[cgiapp] Problem understanding using CAP::Authentication

[Gurunandan R. Bhat]

Hi,

    I have used CAP::Authentication in many projects with success and
had no problems understanding how it worked. Or so I thought, until...

    In every case that I have used it so far, all run-modes were
protected. I would just add: $app->authen->protected_runmodes(':all');
and everything would work like a charm.

    Recently I had to use it in a situation where some runmodes in a
single Controller class were protected and some not. In such a situation
everything goes haywire. Making all modes protected restores expected
behavior.
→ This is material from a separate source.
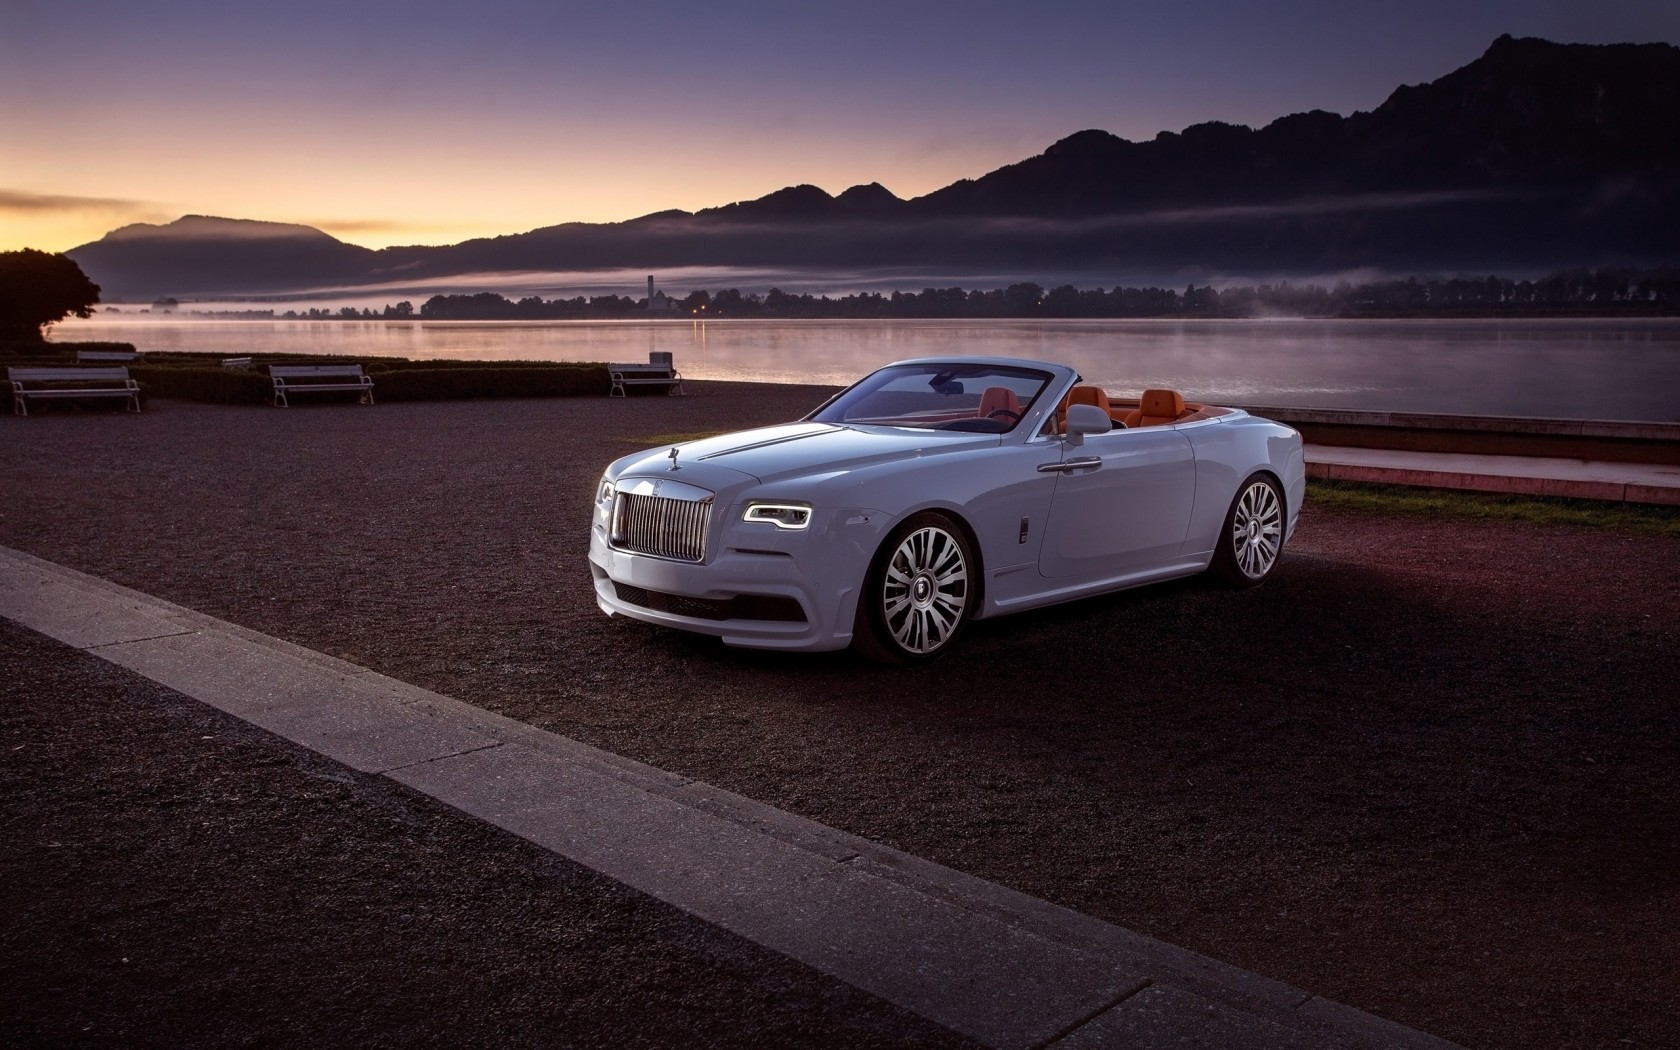 2016 spofec rolls royce dawn 3 wallpaper hd car - Rolls royce wallpaper download ...

Here is what I mix protected and unprotected modes in a single
Class:

1. If I visit an unprotected run-mode, it displays the correct content

2. If I visit a protected runmode, it correctly takes me to the login
page generated by the "login" runmode. The login runmode is just a
simple mode that creates a login form.

3. However if I submit this form with the correct username and password,
it just throws the form back to me. I have printed out the values of
$app->authen->is_authenticated and it is blank. 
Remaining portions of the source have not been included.